– Мы пойдем в город, там есть еще моей покойницы родня. А то в монастырь Нанро, переждать.
– Оставайся, Йан. Если взят Хейлс, будет взят и город.
Управляющий замка всерьез уравнивал оба этих события, не разумея, как может устоять Хаддингтон, если Хейлс пал.
– Хейлс был сдан, – сварливо отозвался горец, – но не взят!
Он жил долго и помнил слишком многое, в том числе, первого графа, деда нынешнего, и потому на перемены в замке отзывался с наибольшей горечью среди всех его обитателей. Грабеж, разорение и насилие – вот что принесли с собой сассенахи, и мыслимо ли было ожидать от них чего-то другого? И еще большая горечь поднималась в нем, когда понимал, что упустил время.
– Так и город будет сдан так же… такова жизнь в наших краях, сам знаешь. Ты вот что, иди-ка в Йестер. Там Джок, и Хеи пока не под сассенахами. А то сразу в Совиную лощину к лорду Рональду, он-то точно не станет этим тварям в ножки кланяться. Возьми лошадь, Йан, верхом пригодней.
– Так-то оно так, – Йан похлопал по плечу старого товарища, – да не всегда верно, Роберт. Лошадь привлечет внимание, а кому нужны нищие на дороге? Я возьму Рори, он умеет работать палашом, я сам учил его.
– Ну, дело твое…
Сменные вещи в узелок, овсяные лепешки, эль. Уносили только то, что на себе, уходили скоро, перед рассветом, в тумане, поднявшемся от осеннего Тайна, словно оберегавшем их, вспять по течению, туда, на запад, потом чуть южнее, одному Йану известными тропами. Рори, старшему внуку горца, шел двенадцатый год, он был копией Джока – те же рыжие вихры и веснушки, но глаза в точности как у Мэгги. Йан поглядывал на него с любовью: отличный парень, настоящий боец. Ближе в полудню устроили привал, потом свернули на Йестер, на Совиную лощину. Йану приходилось бывать там только с Босуэллом и верхами, но он надеялся найти дорогу.
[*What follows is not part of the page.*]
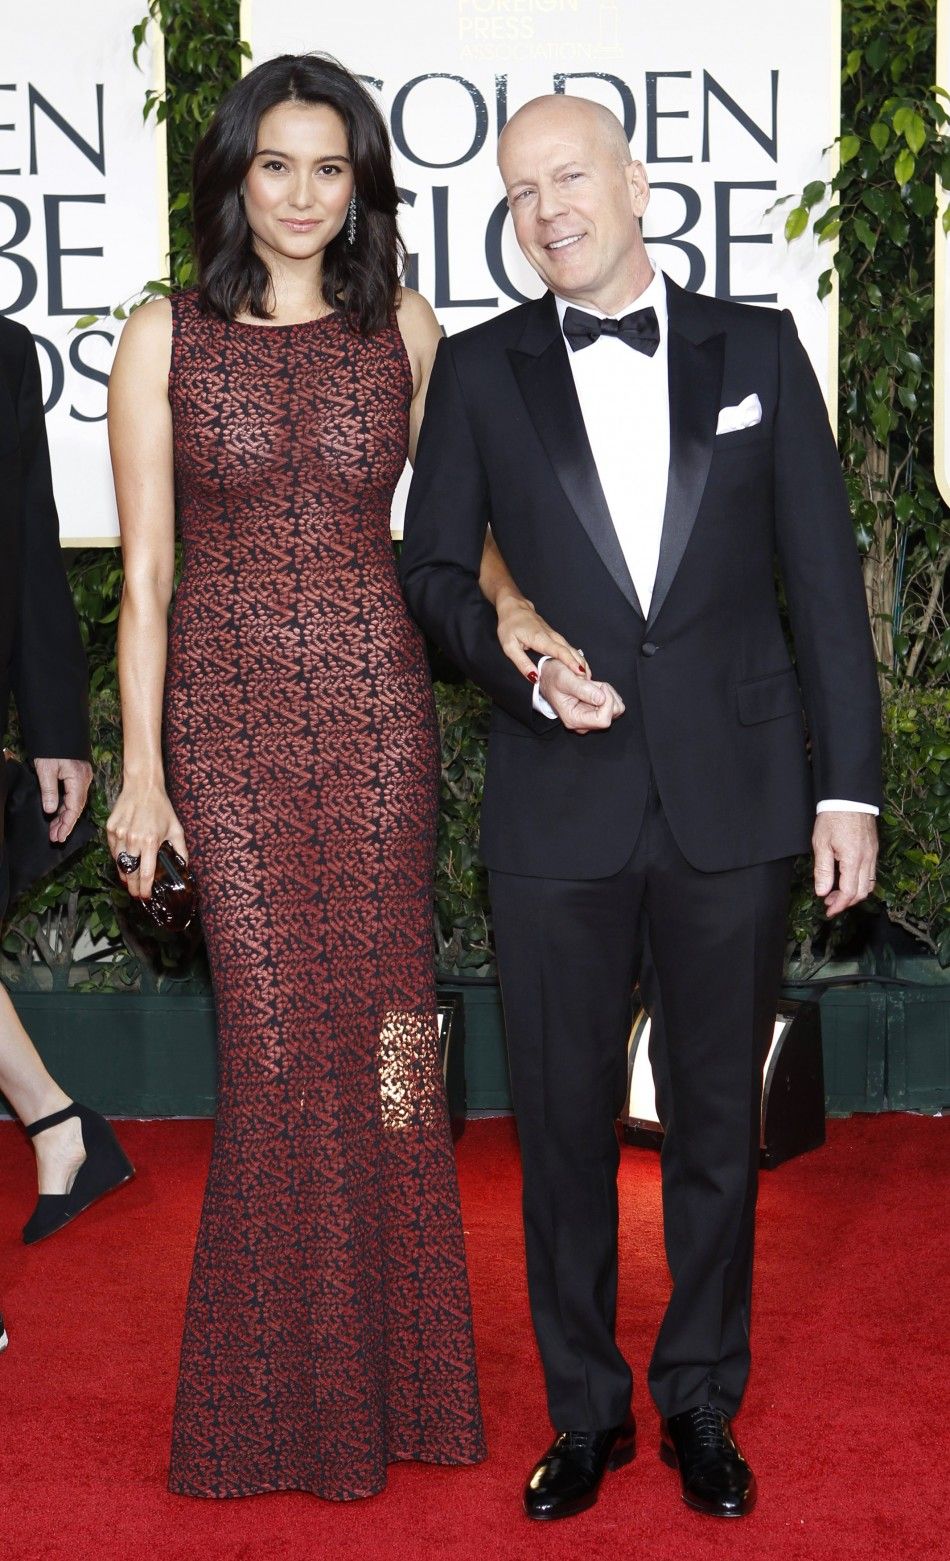 Bruce Willis and wife Emma arrive at the 68th annual Golden Globe Awards in Beverly Hills
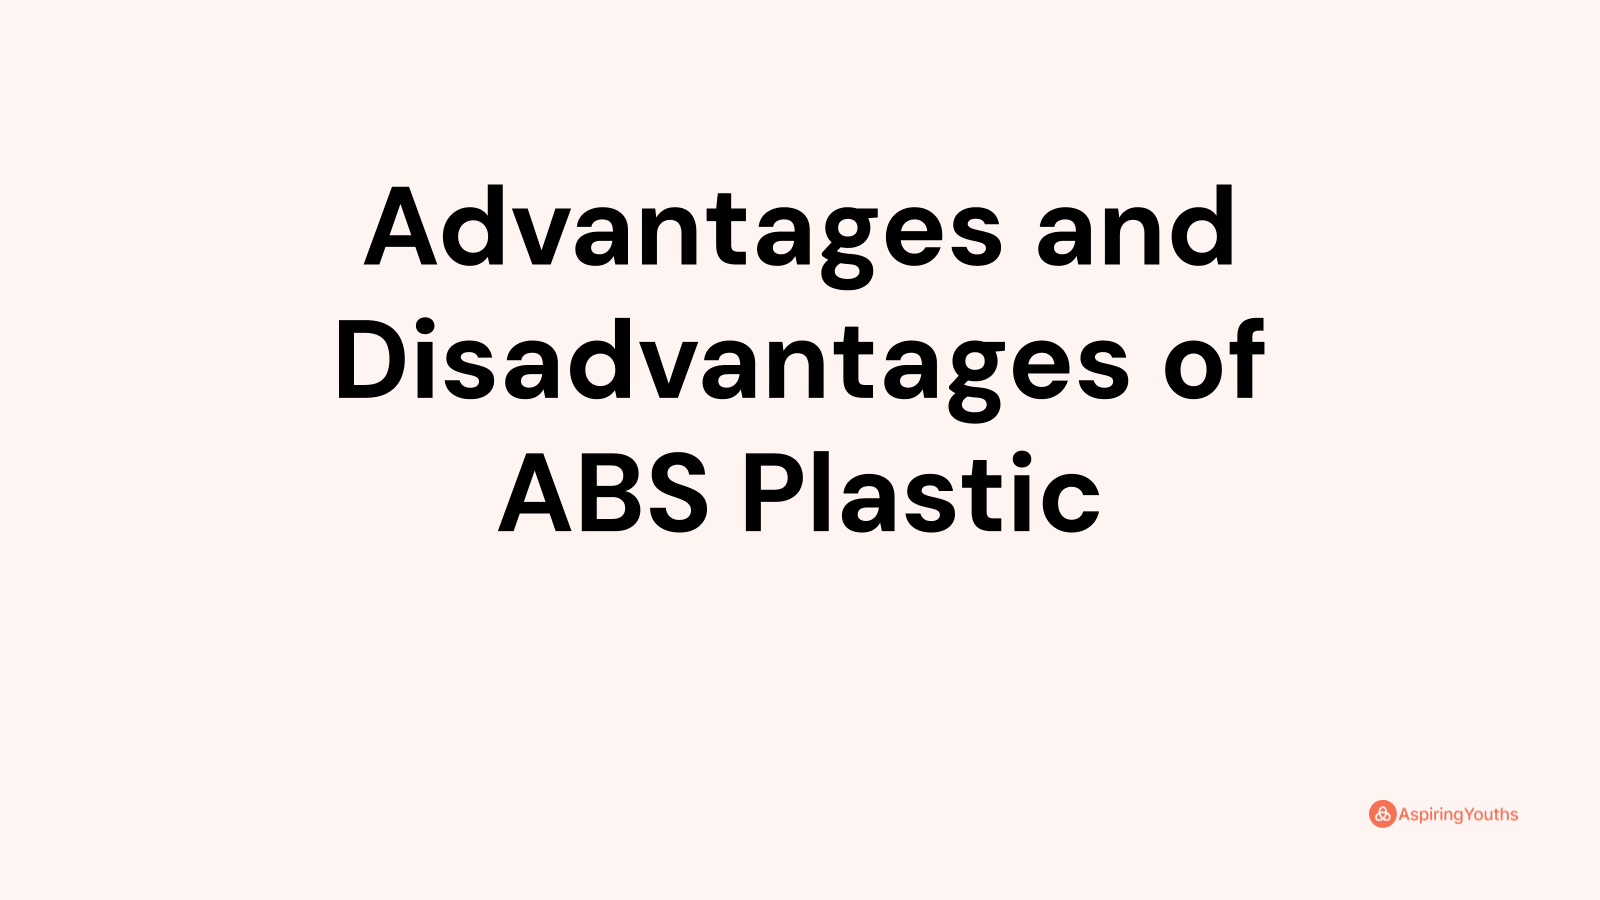 Advantages and disadvantages of ABS Plastic

Но взял слишком на юг и понял это, только когда услыхал тяжелые шаги навстречу по тропе, паршивую английскую речь… То, что они оказались здесь, было со всех сторон неверным. Ошибка настигает старого волка единожды, но становится последней. Трое сассенахов сперва замерли на месте, потом устремились к ним, завидев оружие только у старика и парнишки.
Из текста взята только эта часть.